B. Incorrecta análise e apreciação da prova, relativamente ao item 13.º dos factos provados, que deve ser eliminado e ao item 14.º dos factos provados, que deve passar a considerar-se como não provado e serem considerados como provados os factos alegados nos artigos 18.º, 30.º, 34.º a 46.º, 48.º, 52.º a 55.º; 77.º, 78.º e 80.º a 82.º, da contestação;


C. Se, em face da pretendida alteração da matéria de facto dada como provada e não provada, deve ser julgada improcedente a invocada excepção de caducidade e;


D. Se se mostram verificados os requisitos para ser decretada a pretendida resolução a favor da Massa Insolvente.


A arguição da nulidade foi indeferida. As questões B e C, por sua vez, foram julgadas em sentido desfavorável à Massa, tendo ficado prejudicado o conhecimento da questão D.

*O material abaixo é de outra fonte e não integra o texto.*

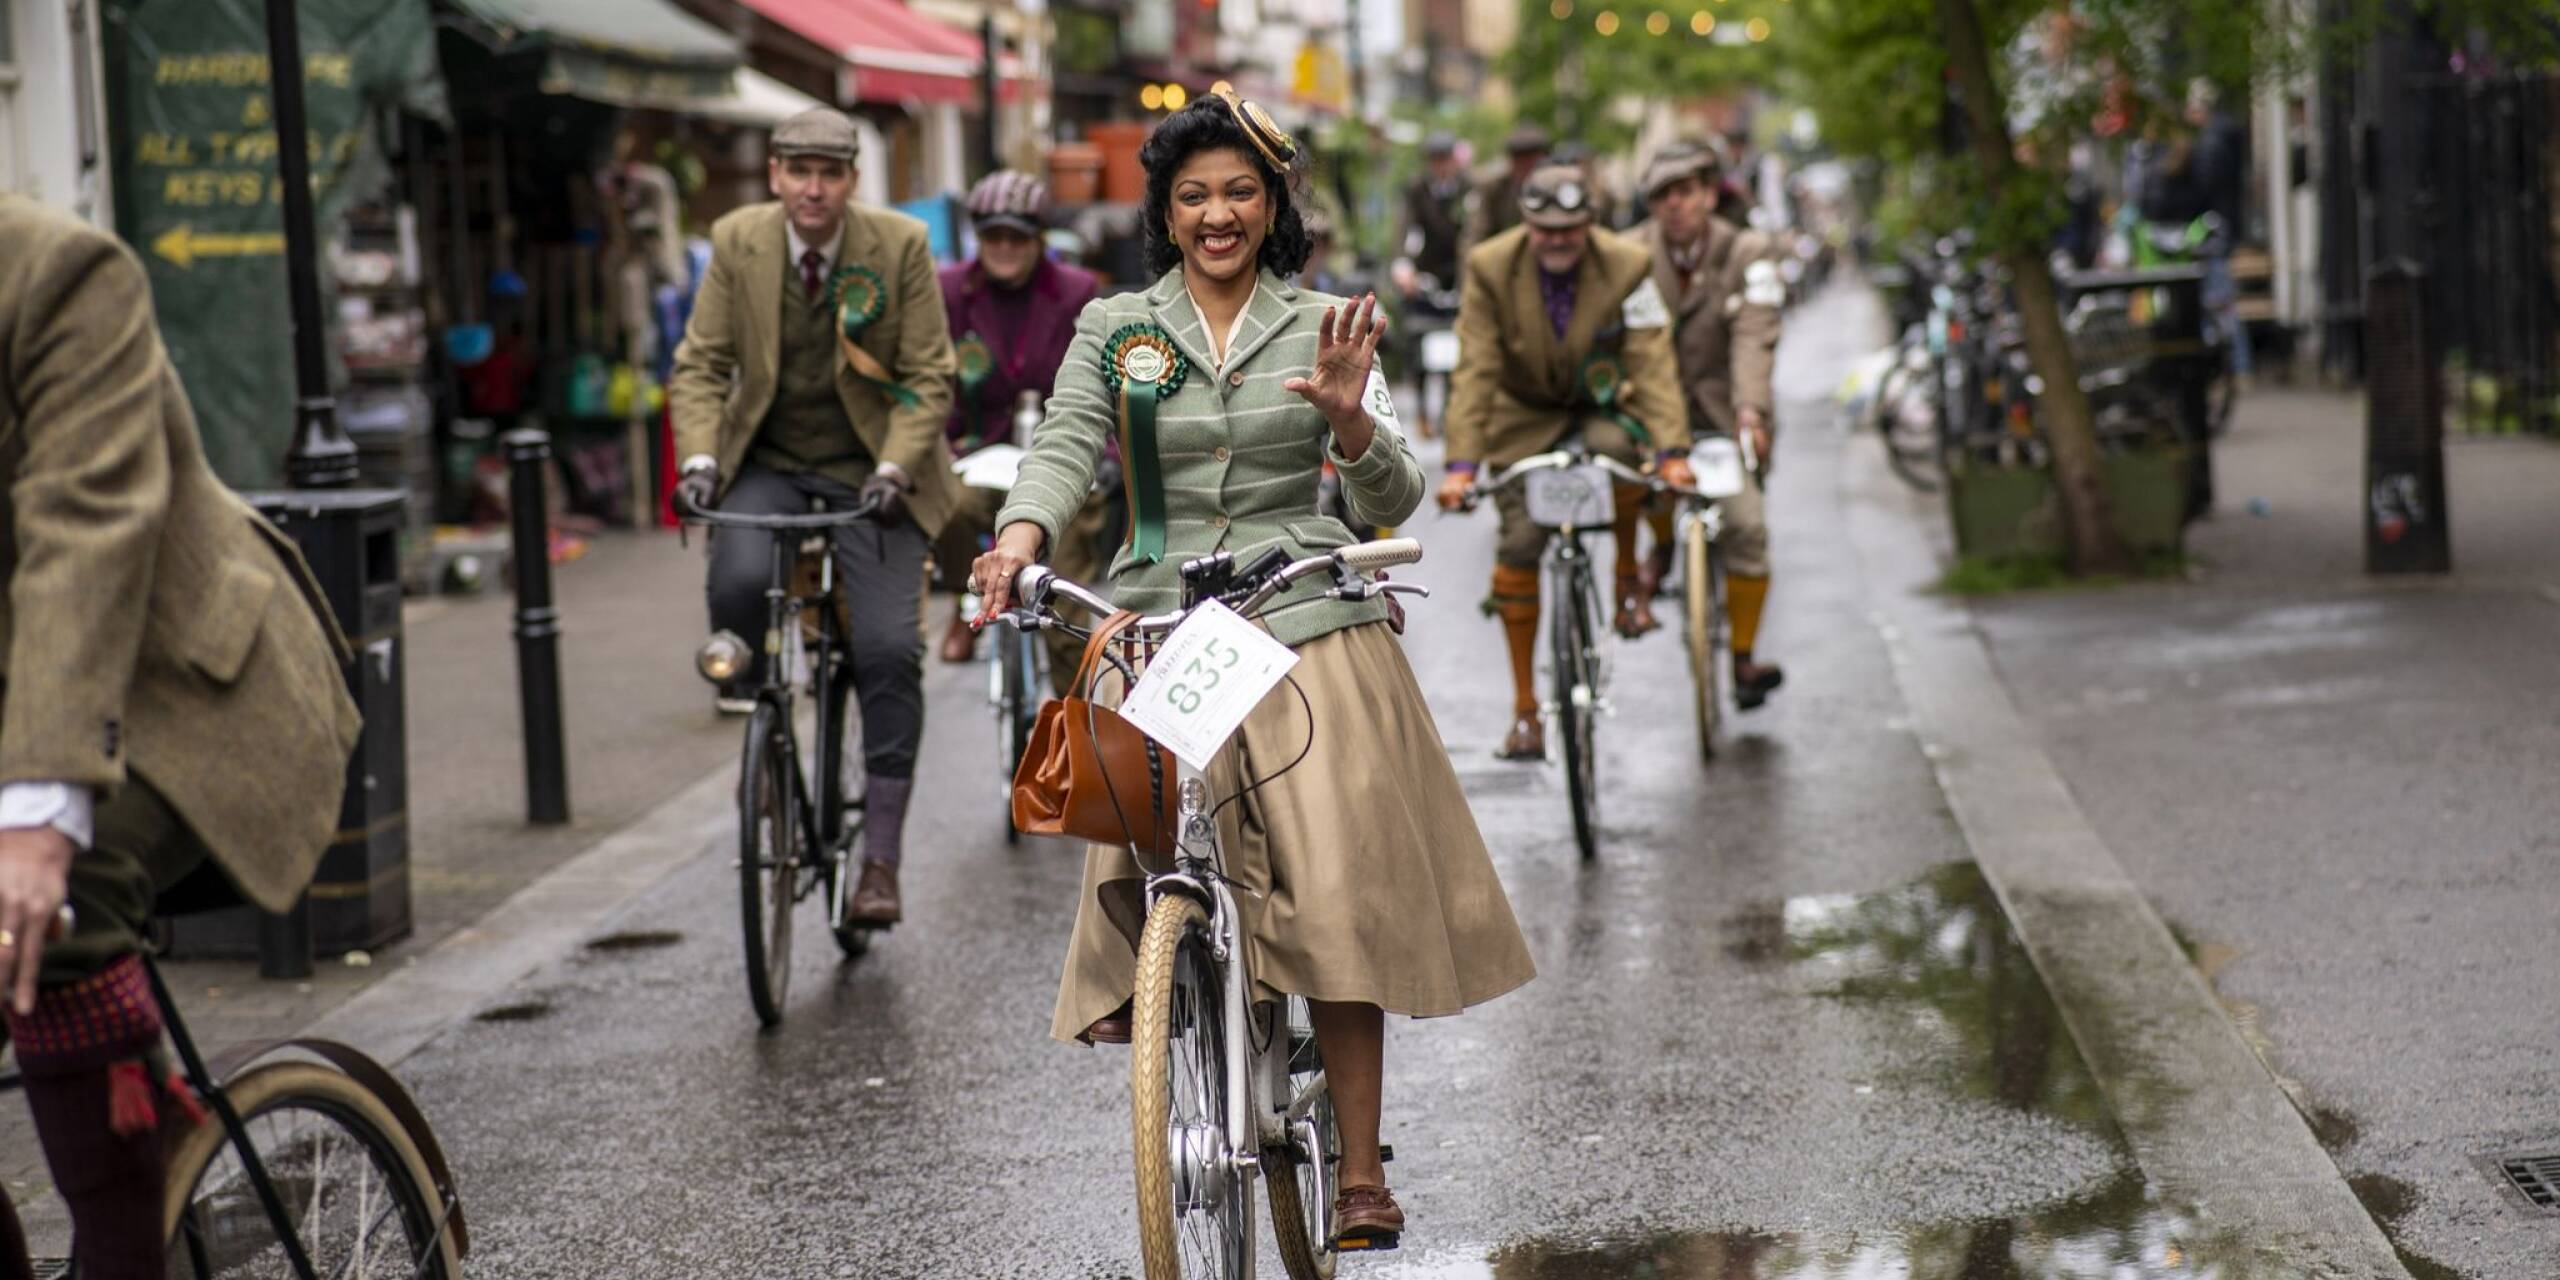 Durch London im Retro-Stil: Traditionell britisch gekleidet, vorzugsweise Tweed, und mit klassischen Fahrrädern sind die Teilnehmer des jährlichen «Tweed Run» unterwegs.
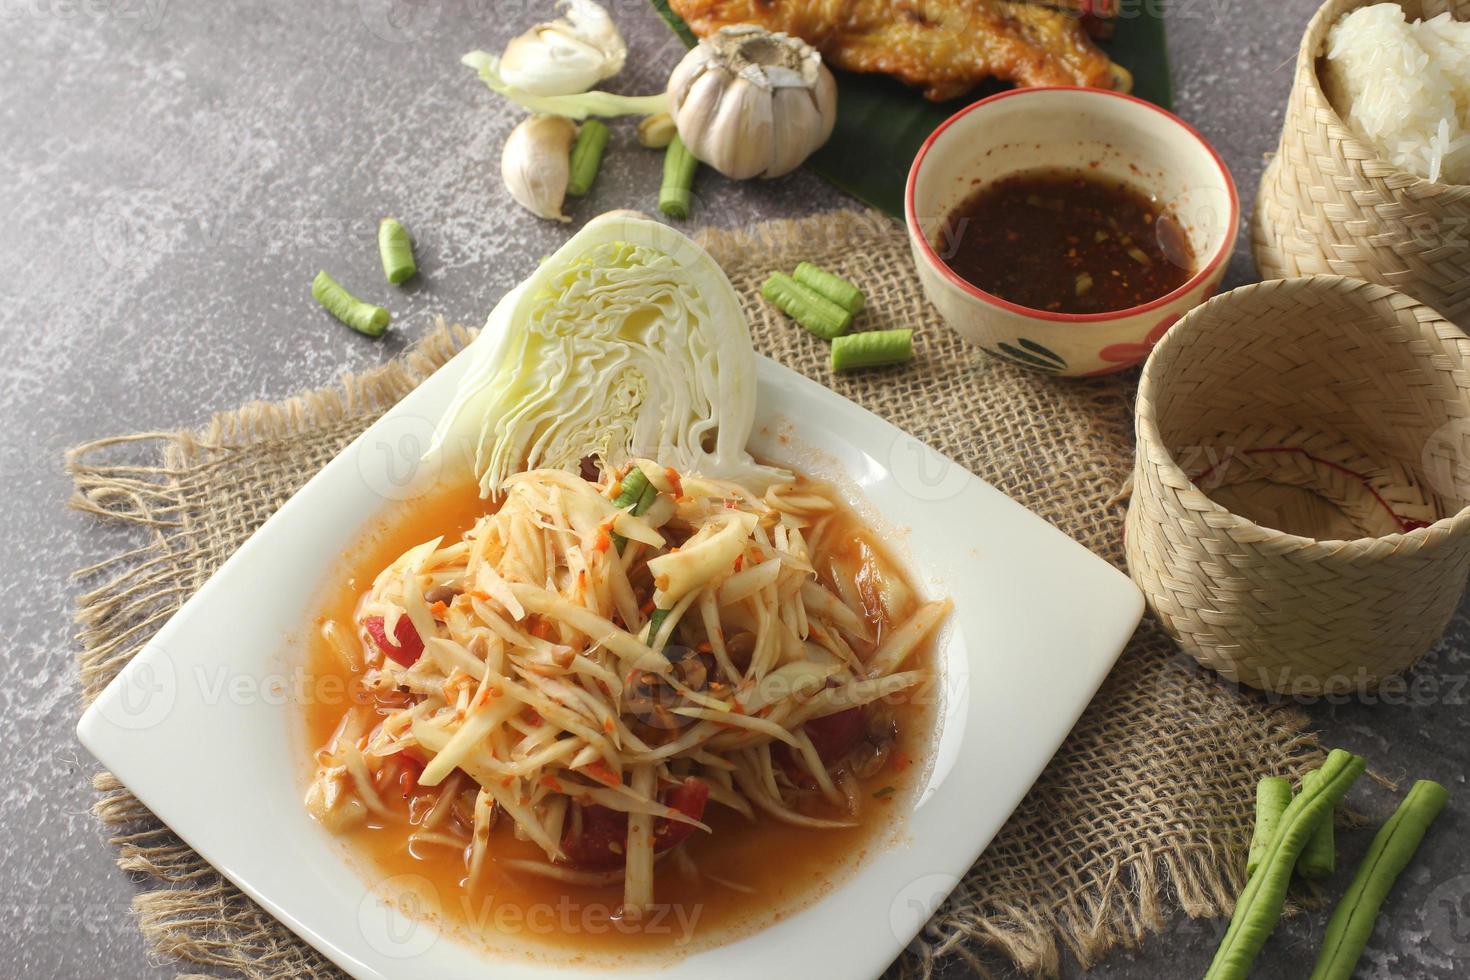 beliebtes thailändisches Essen und beliebtes Street Food Papayasalat oder das, was wir in Thailand Somtum nennen foto

O acórdão recorrido, em sede de reapreciação do julgamento de facto, afirma que «há um elemento objectivo - o teor do referido relatório – que permite concluir que quando este foi elaborado, já o AI estava na posse das informações necessárias e suficientes, para aquilatar da viabilidade da resolução de tal venda, a favor da massa insolvente.


Se o AI dele fez constar os elementos acima referidos, designadamente a data e montante, é porque, antes de o elaborar teve acesso a documentos que lhe permitiram assim concluir.


O que, também mais se coaduna com a lógica das coisas, uma vez que uma empresa da dimensão da insolvente teria de ter elementos contabilísticos que refletissem tal negócio, quando, para além do mais, nele teve intervenção a CGD, como beneficiária de uma hipoteca.


Concluindo, soçobram os argumentos invocados pela recorrente, com vista a obter a alteração da matéria de facto atinente».


Em matéria de julgamento de direito, não tendo sido alterada a decisão sobre a matéria de facto, a Relação fez uso da faculdade que lhe é atribuída pelo artigo 663.º, 6 e confirmou in totum a decisão do primeiro grau.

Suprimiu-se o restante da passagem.